His gaze is still intently locked on an aircraft carrier that his avatar just boarded. “Yeah.”

“How long have you been doing that?”

He shrugs. “I don’t know. Probably since I was old enough to play.”

“And when was that?”

He sounds irritated by my constant questioning. “Eighteen. Now will you please get back in the game? I can’t defeat these guys on my own.”

But I don’t touch my controller. “You’ve been playing these exact numbers for fourteen years?”

“Yeah,” he repeats, distractedly.

This jump-starts my heart. “Why these numbers?”

“Like I said, they just feel lucky. Call it a hunch.”

A hunch.

“Cody,” I say, grabbing the controller from his hand.

“Hey!” he protests, but I ignore him and drop it onto the couch.

“Where did you get these numbers?”

He leans back with a scowl. “I don’t know. They’ve always just been in my head.”

Out of the corner of my eye, I see Kaelen materialize in the dining room. My time is up. But I raise my hand in the air, signaling him to give me a second.

I’m onto something. I know it. “For how long?” I press Cody.

He opens his mouth to answer but suddenly nothing comes out except a strange, mouse-like squeak.

“Cody?” I prompt.

“I…” He stumbles, jumping slightly when he, too, notices that Kaelen has arrived. I snap my fingers in front of his face, keeping him focused.

“How long have these numbers just been in your head?”

Cody rubs his hands on his pants, leaving behind a sweaty streak. “I … don’t know.”

I nod. “You do know.”

His eyes drift upward and to the left as he struggles to remember. “I…” He tries a third time.

“Think,” I command him. “Think hard.”

“I … guess since”—his eyes close—“I was about thirteen.”





47

SUBMERGED



I’m out of my seat, running into the kitchen before Cody even opens his eyes again. I tap on the glass countertop, bringing it out of its hibernation.

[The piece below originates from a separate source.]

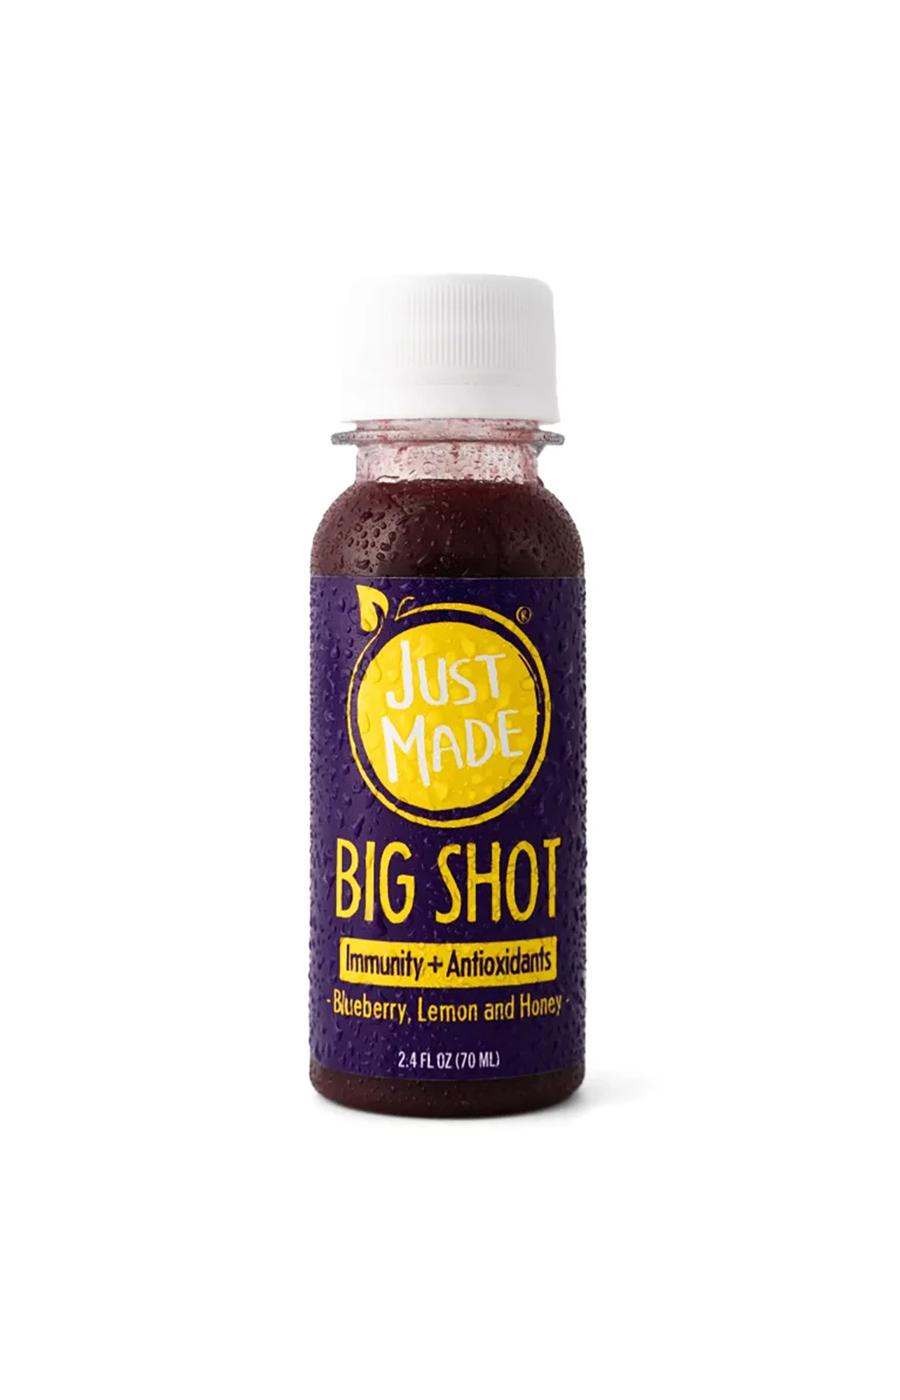 Just Made Immunity + Antioxidants Big Shot - Blueberry Lemon & Honey; image 1 of 2

“Numbers,” I tell Kaelen, who is by my side in a flash. “She left the final clue in a sequence of numbers.”

With a swoop of his hand, Kaelen clears the clutter of virtual pictures, documents, and videos in front of us and opens a blank white tableau. I grab a pen device, just like the one in Cody’s lab, from a holster on the refrigerator door and scribble down the numbers Cody plays twice a week in the lottery.




“Are you sure about this?” Kaelen asks, tilting his head to read what I’ve written.

“Maxxer knows my brain is designed to pick up patterns. It only makes sense that she would try to speak to me in numbers.”

I study the sequence, immediately noticing they are listed in ascending order. “Cody!” I call back toward the living room. “Is this the order you remember them in?”

Silence follows and I lean around the corner of the kitchen wall to see that Cody is still sitting on the couch staring into space, looking dazed.

“Cody?” I repeat.

“No.” I hear his quiet mumble. And then, “The lotto machine puts them in that order when it prints the ticket.”

“So what order do you remember them in?”

He doesn’t reply for a minute. I think he’s gone into shock. Nineteen years of his life he’s been carrying this around. Never knowing what it was. Never understanding why. Never expecting that eventually a girl would appear out of thin air, claiming to be from another century, asking him about a series of seemingly insignificant numbers in his mind, telling him that they mean something. That they lead to something.

I guess I can’t fault him for feeling just the slightest bit stupefied.

But finally, he speaks. His voice faint. Trancelike. He lists the numbers one by one, pausing for long stretches of time between them. As though reciting each digit robs him of every ounce of energy he has left and he has to wait until he can replenish before starting again.